Critcs' Pick: Jennie C. Jones

Artforum
February 5, 2016

Amplification, absorption, reverberation, tone, displacement, diffusion—any encounter with the work of Jennie C. Jones demands that a viewer repeatedly wrestle with transmutation, the vocabulary from the science of sound doing double duty in the service of ekphrasis. And the rabbit hole goes deeper, as those keywords also describe the dynamics of social change and race. Indeed, Jones encourages such readings with her punning titles, Solo, Vertical, into Crescendo (Light), 2013, or Score for Sustained Blackness Set 2, 2014. Such is the sparkling noise of the artist’s first mid-career survey, as curated by Valerie Cassel Oliver.

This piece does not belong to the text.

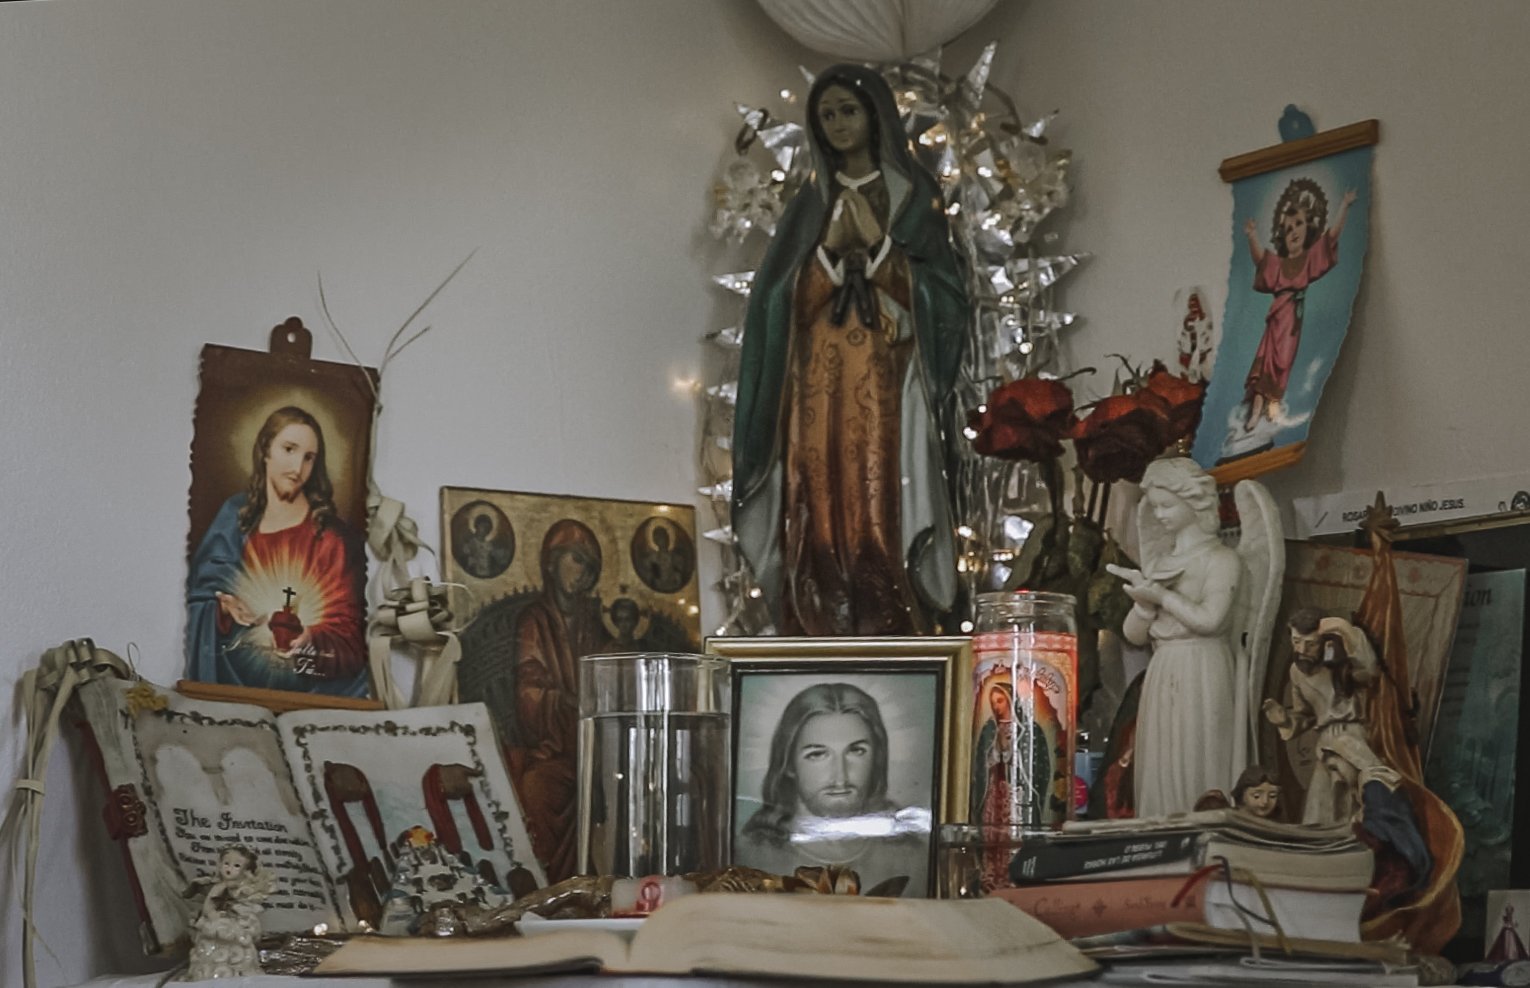  The dozen crab pickers sharing a ranch home on this secluded Chesapeake Bay archipelago have decorated the bedroom walls with a Mexican flag, a crucifix, pictures of smiling kids at Christmas — all designed to soften a sense of being totally alone. 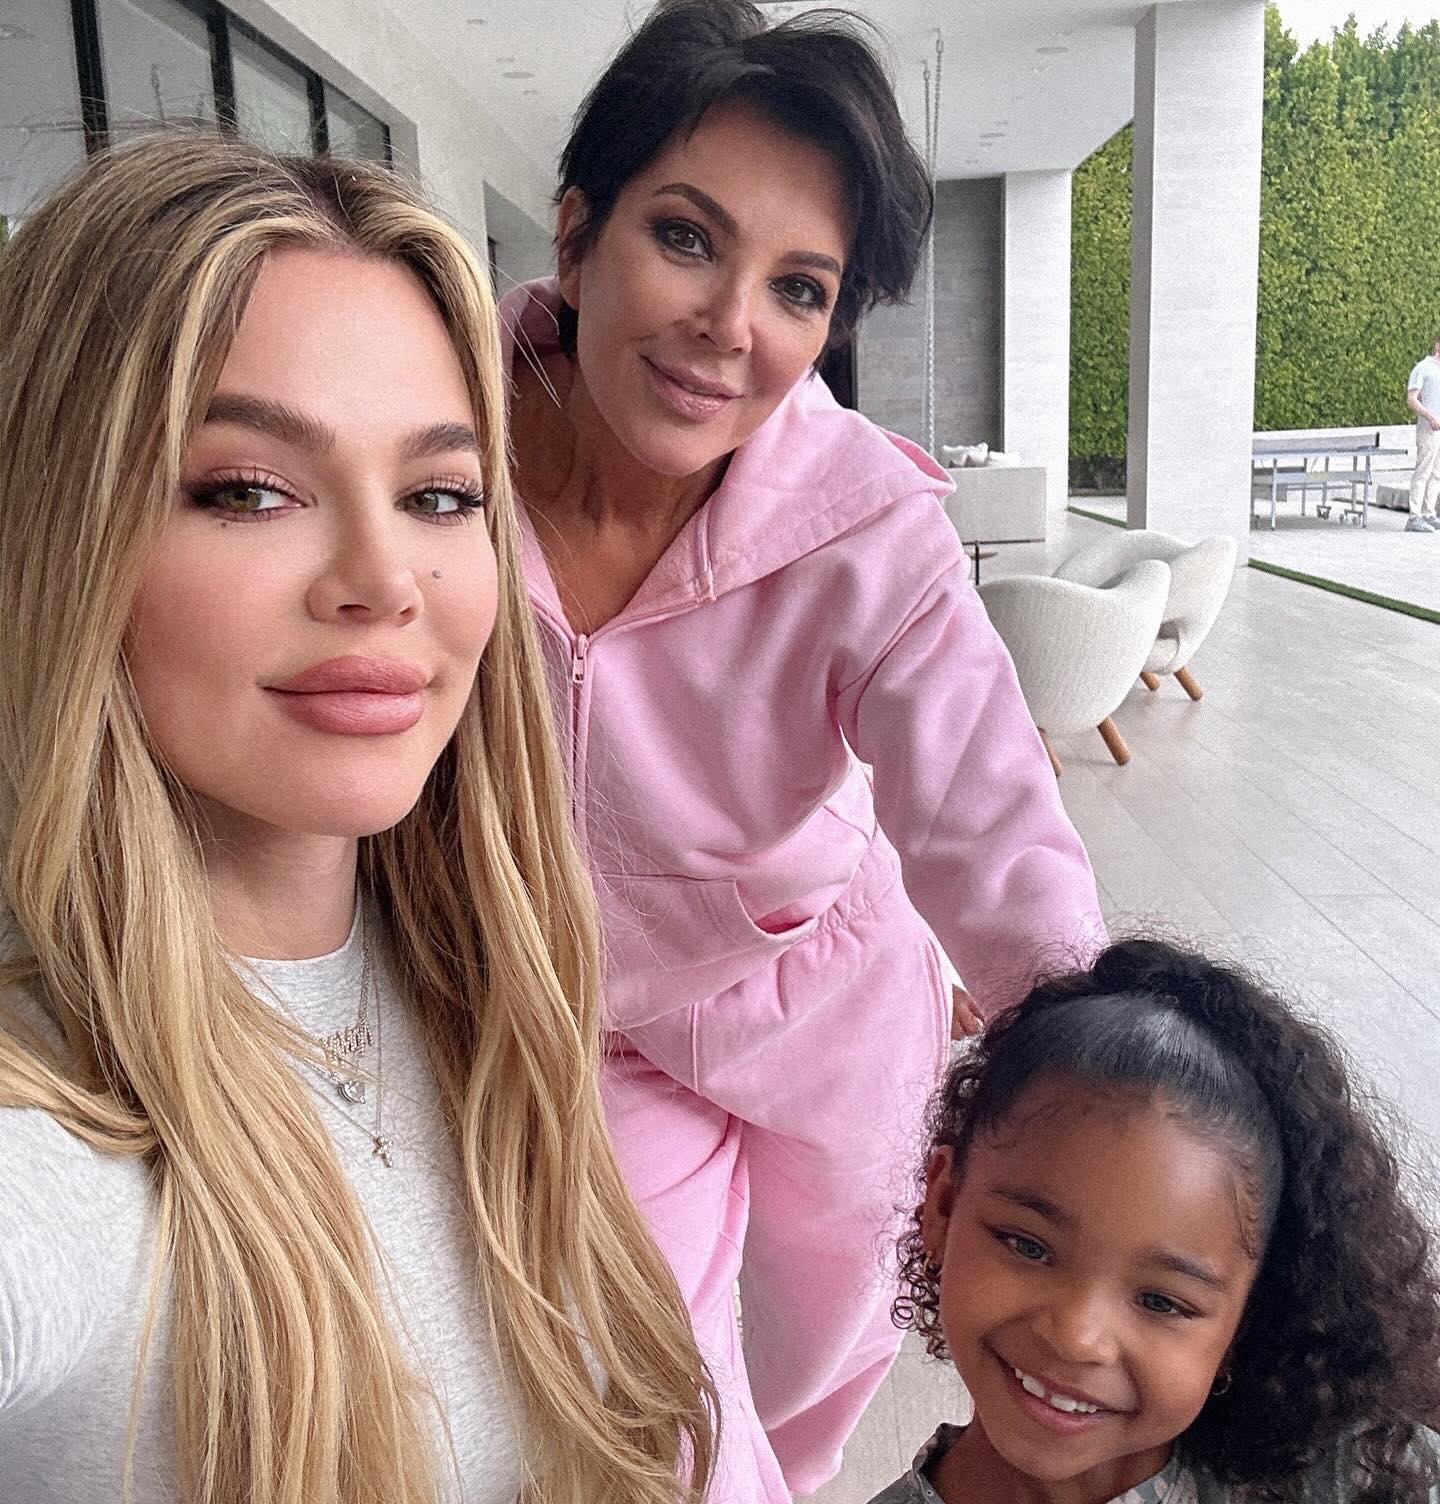 Last year on Easter, Khloe faced comments from fans voicing the same criticism

For all the sound, and talk about sound, though, it’s a quiet show—a concerted, almost hermetic succession of series and suites. Jones’s ongoing 2011 series “Acoustic Paintings,” constructed with acoustic paneling, are well represented. Much is gained in viewing the artist’s conceptually ambitious works in the context of a broad retrospective, as their sum total deftly knits together an array of sometimes convergent, but more often divergent, social histories of avant-garde musical and visual traditions. Like the fabric used for pop filters and speaker grills, Jones’s works sieve out particularly resonant sounds and materials. The effect is often a shimmy shake between critique and adoration. For example, the staccato scatting of Ella Fitzgerald is stretched to a high tone and capped with an almost campy canned sound of breaking glass in the audio collage Ella, Scat, Shatter (Short Version), 2008. It references an almost certainly campy 1972 commercial for Memorex audio cassette tapes, wherein Fitzgerald hits a glass-shattering note at the end. Add fidelity to that list of words. Also: rarefaction (or what an artist does for a payday).

Shatter the glass again, Ella; play me out, Jennie.